Addressing the constitutionality of section 790.053, the Fourth District applied "a two-step analysis" that has "been employed by the majority of the federal circuit courts to consider Second Amendment challenges since the Supreme Court's decision in [District of Columbia v. ]Heller , [554 U.S. 570, 128 S.Ct. 2783, 171 L.Ed.2d 637 (2008) ]." Norman , 159 So.3d at 210 & n.2. This two-step analysis requires first determining "whether the challenged law burdens conduct protected by the Second Amendment based on a historical understanding of the scope of the [Second Amendment] right, or whether the challenged law falls within a well-defined and narrowly limited category of prohibitions that have been historically unprotected." Id. at 210 (quoting Jackson v. City & Cty. of San Francisco , 746 F.3d 953, 960 (9th Cir. 2014) ) (alteration in original). The second step determines the appropriate level of scrutiny to apply to the challenged law if the law burdens conduct falling under the scope of the Second Amendment right. Id. at 210–11.

The Fourth District concluded that under the first prong of its analysis, section 790.053 burdens the right, but "does not improperly infringe on Florida's constitutional guarantee, nor does it infringe on ‘the central component of the Second Amendment—the right of self-defense" because a citizen may still carry a firearm under the concealed carry licensing scheme. Id. at 219 (quoting Heller , 554 U.S. at 599, 128 S.Ct. 2783 ). The Fourth District then interpreted Heller to establish "that Second Amendment challenges are no longer susceptible to a rational-basis review." Id. at 220 (citing Heller , 554 U.S. at 628 n.27, 128 S.Ct. 2783 ). After reviewing various federal circuit court decisions that have considered challenges to laws impacting the Second Amendment right, the Fourth District concluded that "intermediate scrutiny is the proper standard to apply to section 790.053." Id. at 222.

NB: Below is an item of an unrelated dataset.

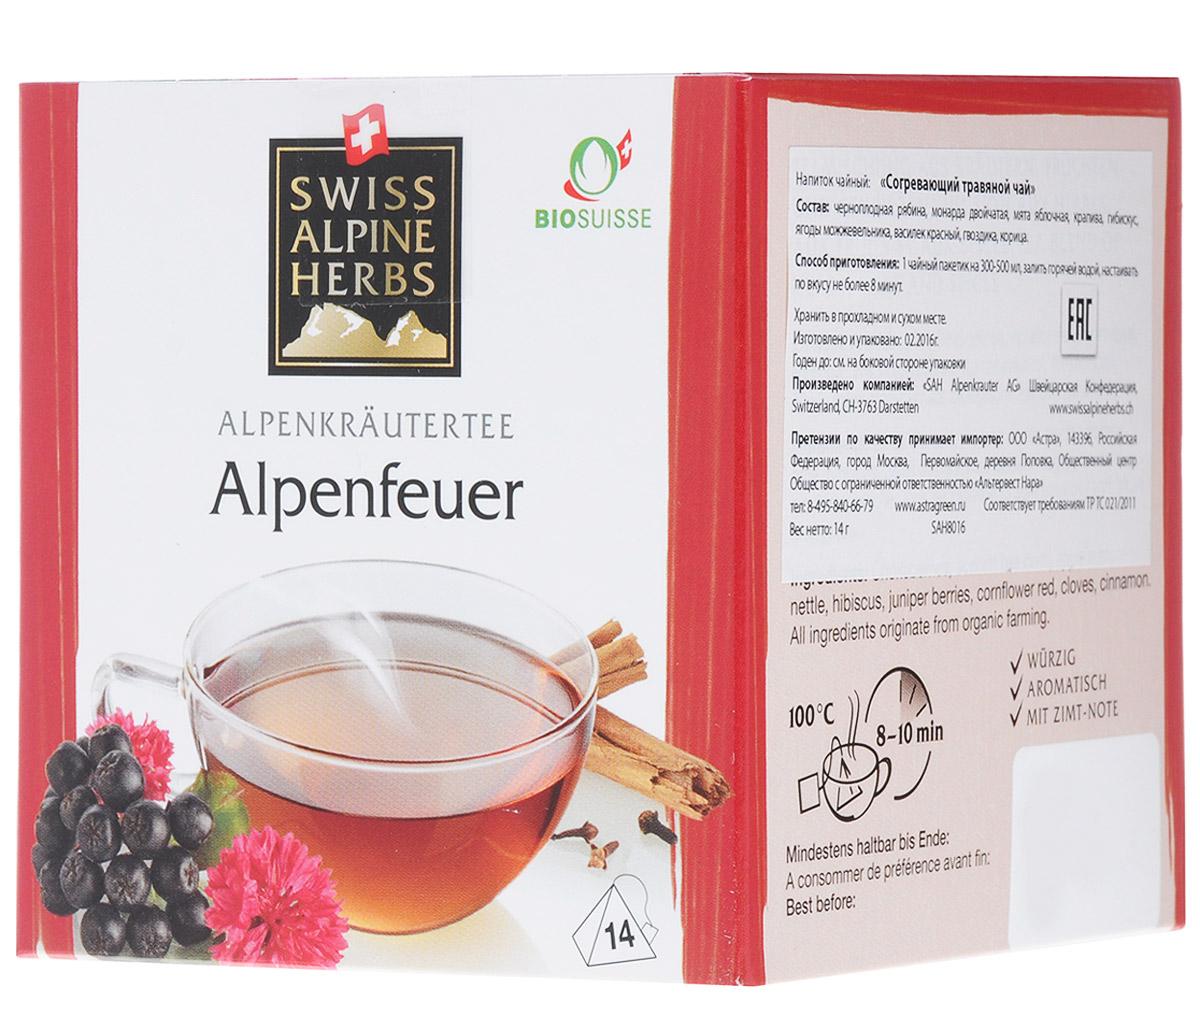 Swiss Alpine Herbs Согревающий травяной чай в пакетиках, 14 штSAH8016Элитный чай Swiss Alpine Herbs в треугольных пакетиках - это прекрасное сочетание ягод и трав, которые дарят чаю неповторимый аромат. Собранные на альпийских лугах в Швейцарии, они известны своими целебными свойствами. В состав входят: черноплодная рябина, двойчатая монарда, мята яблочная, крапива, гибискус, ягоды можжевельника, василек красный, гвоздика, корица.

In applying the intermediate scrutiny test, the Fourth District concluded that the State's interest of public safety was "compelling." Id. As to the second prong, whether a reasonable fit existed between the challenged law and the State's asserted objectives, the Fourth District noted the difficulty of obtaining empirical proof of regulation efficacy, but nonetheless concluded...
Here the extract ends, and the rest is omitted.